Les manifestations les plus fréquentes semblent intéresser les nerfs crâniens, plus particulièrement le trijumeau, les polyneuropathies étant exceptionnelles. Elles seraient secondaires aux atteintes systémiques. Il peut s'agir de mononeuropathies multiples extensives, qui précèdent les autres manifestations de la maladie, ou de polyneuropathies distales symétriques affectant les membres inférieurs. L'apparition précoce de lésions vasculaires serait le mécanisme principal de ces troubles.
sclérodermie œdémateuse de Hardy l.f.
Hardy’s oedematous scleroderma
Affection caractérisée par la survenue d'une induration sous-cutanée et d'un œdème dur, de consistance parfois pierreuse, localisés aux membres ou atteignant le tronc et les membres.
Ses rapport sont discutés avec le sclérœdème de Buschke, alors que Touraine, Golé et Soulignac, en 1937, concluaient à leur identité et proposaient le terme de cellulite sclérodermiforme extensive bénigne.
A. Hardy, dermatologue français, membre de l'Académie de médecine (1877) ; A. Buschke, dermatologue allemand (1900)
→ sclérœdème de Buschke, cellulite slérodermiforme extrensive bénigner de Touraine, Golé et Soulignac
sclérodermie professionnelle l.f.
occupational scleroderma
Sclérodermie systémique survenant dans un certain environnement professionnel. Les sclérodermies systémiques d’origine professionnelle sont liées à l’inhalation de poussières contenant de la silice, en association ou non avec une silicose pulmonaire (trava il dans les mines, travail de la pierre, meulage, sablage, travail de prothésiste dentaire). Elles sont reconnues comme maladies professionnelles (tableau 25 du régime général de sécurité sociale). Les sclérodermies en rapport avec l’emploi de solvants organiques notamment des solvants chlorés, ou des résines époxy ne sont pas reconnues officiellement. Les sclérodermies dues au chlorure de vinyle monomère chez les nettoyeurs d'autoclaves sont devenues exceptionnelles, ce produit étant aussi un cancérogène redoutable auquel plus personne ne doit être exposé.,
sclérodermie systémique l.f.
systemic scleroderma, generalized scleroderma, progressive systemic sclerosis
Forme de sclérodermie survenant le plus souvent entre 30 et 40 ans, à nette prédominance féminine, caractérisée par l’association d’une sclérodermie cutanée diffuse ou limitée à des atteintes extracutanées et viscérales.
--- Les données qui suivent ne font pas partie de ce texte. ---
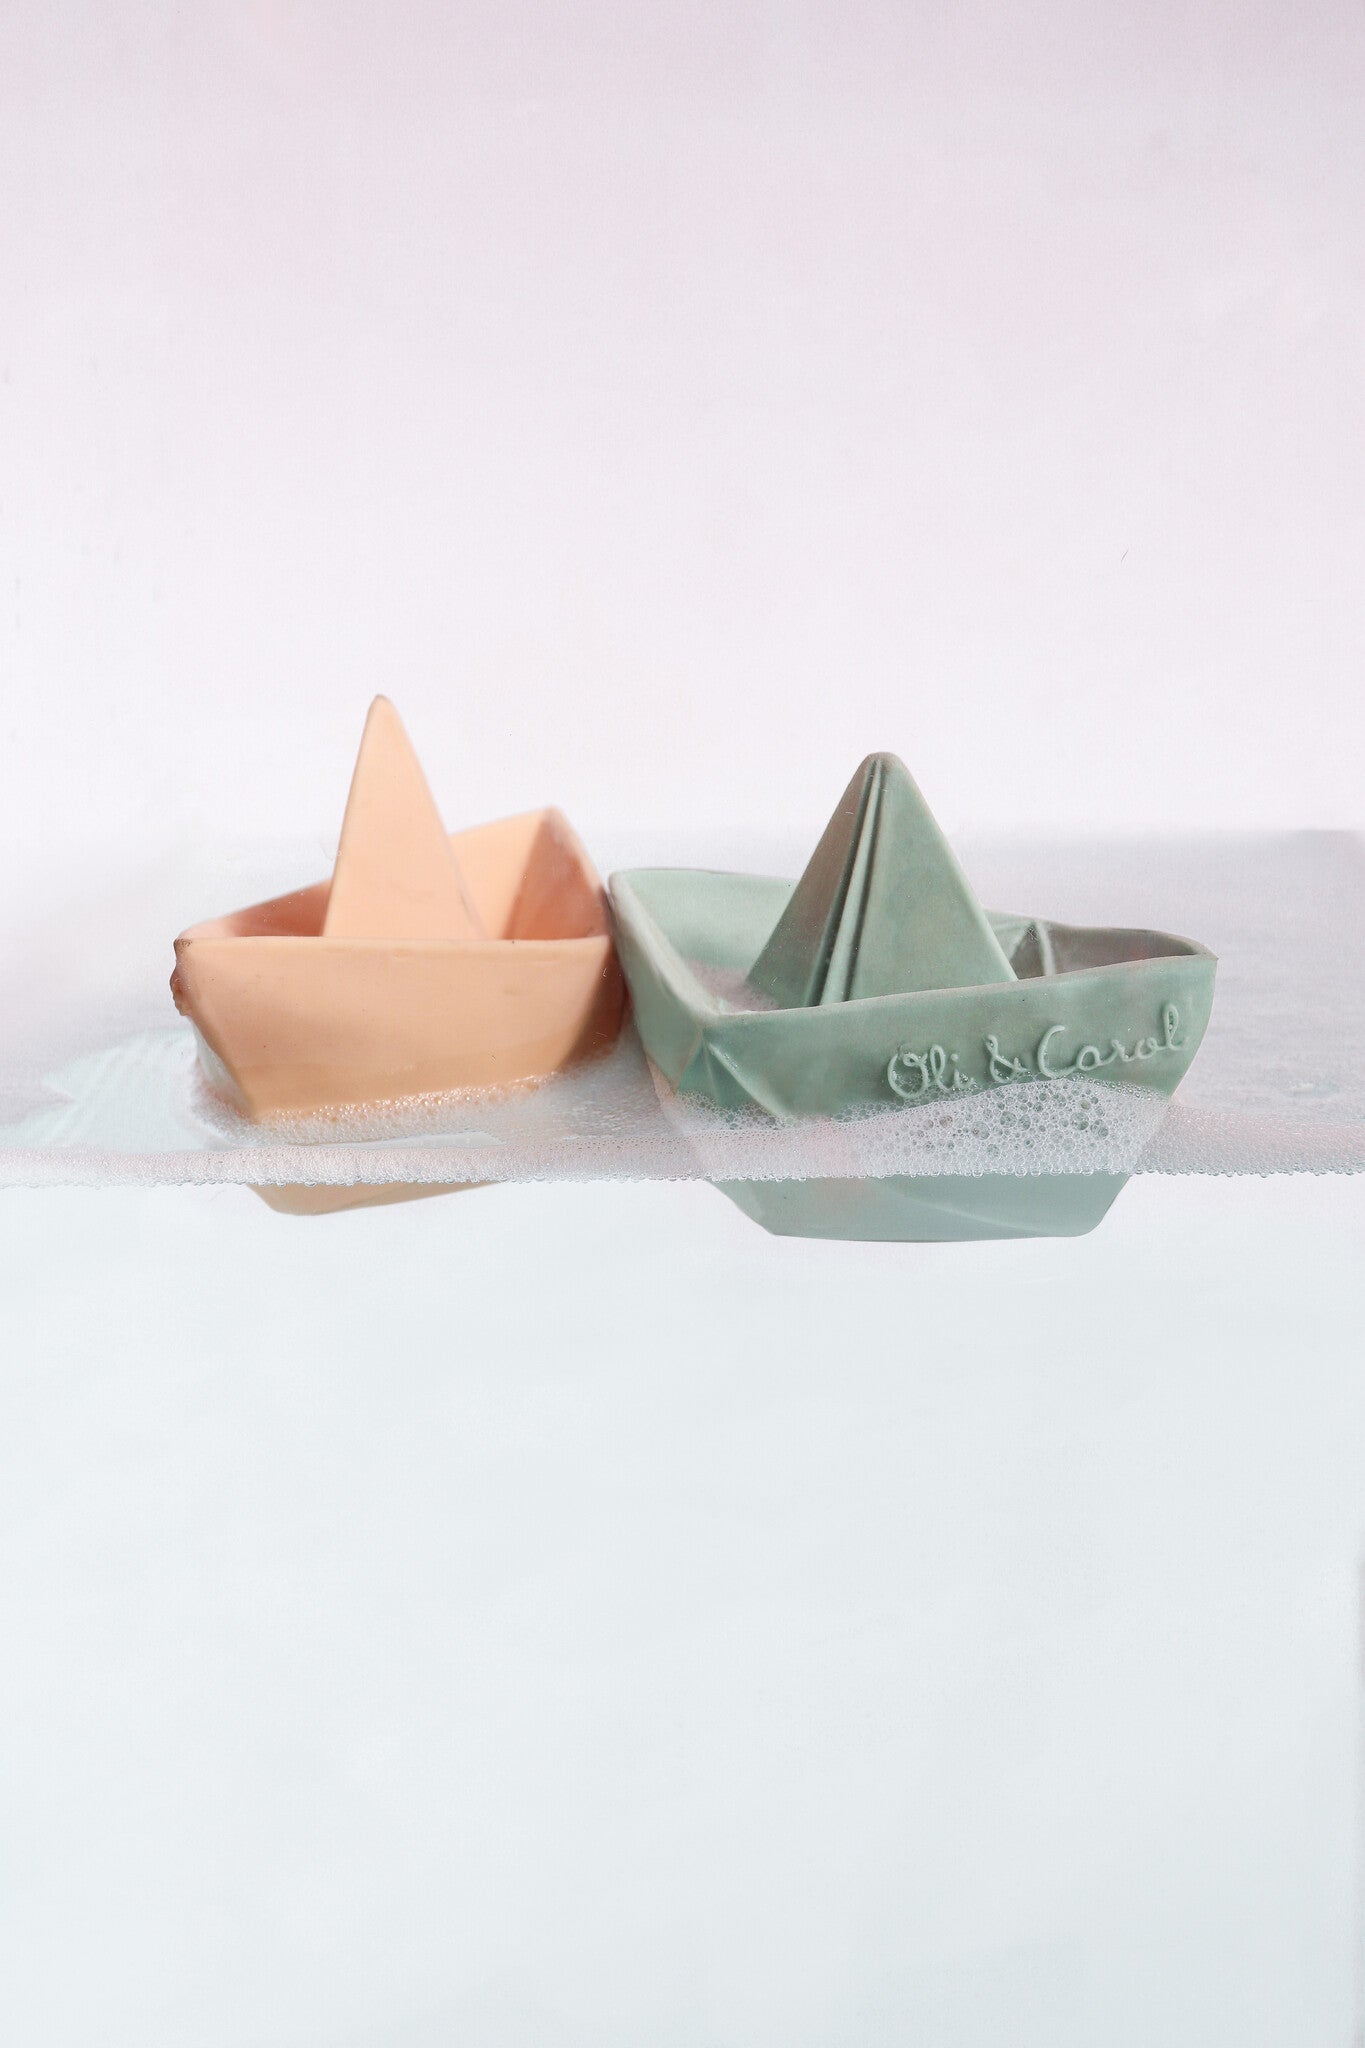 Oli&Carol_Origami Boats (36)

On en distingue habituellement deux formes.
La forme avec atteinte cutanée diffuse, précédée pendant une courte période par un phénomène de Raynaud, a une évolution rapide et extensive marquée par des atteintes viscérales fréquentes et précoces conditionnant le pronostic et touchant notamment les poumons (avec possibilité d’hypertension artérielle pulmonaire), le tube digestif, le cœur et le rein : elle est marquée par une dilatation et une destruction des anses capillaires, visible en capillaroscopie, et par la présence d'anticorps antitopo-isomérase 1 chez un tiers des malades, mais en l'absence d'anticorps anticentromère.
La forme cutanée limitée, plus fréquente, comporte un phénomène de Raynaud évoluant depuis plus de 10 ans, une atteinte tégumentaire réduite aux mains, ou sclérodactylie, à la face, aux avant-bras et aux jambes, ce qui correspond alors au tableau de l'acrosclérose ; on peut aussi y mettre en évidence une atteinte pulmonaire et oesophagienne, des mégacapillaires détectables en capillaroscopie ainsi que des anticorps antinucléaires dans 90% des cas, et, notamment, anticentromère.
Syn. sclérodermie généralisée (obs.), sclérodermie diffuse, sclérodermie maligne
→ acrosclérose, Raynaud (phénomène de)
sclérodermie thérapeutique l.f.
drug induced scleroderma
Sclérodermie systémique dans la survenue de laquelle de nombreux facteurs iatrogènes sont mis en cause : silicone et paraffine utilisés dans les plasties mammaires, bléomycine, anorexigènes, cocaïne, carbidopa, L-tryptophane (syndrome éosinophilie-myalgie).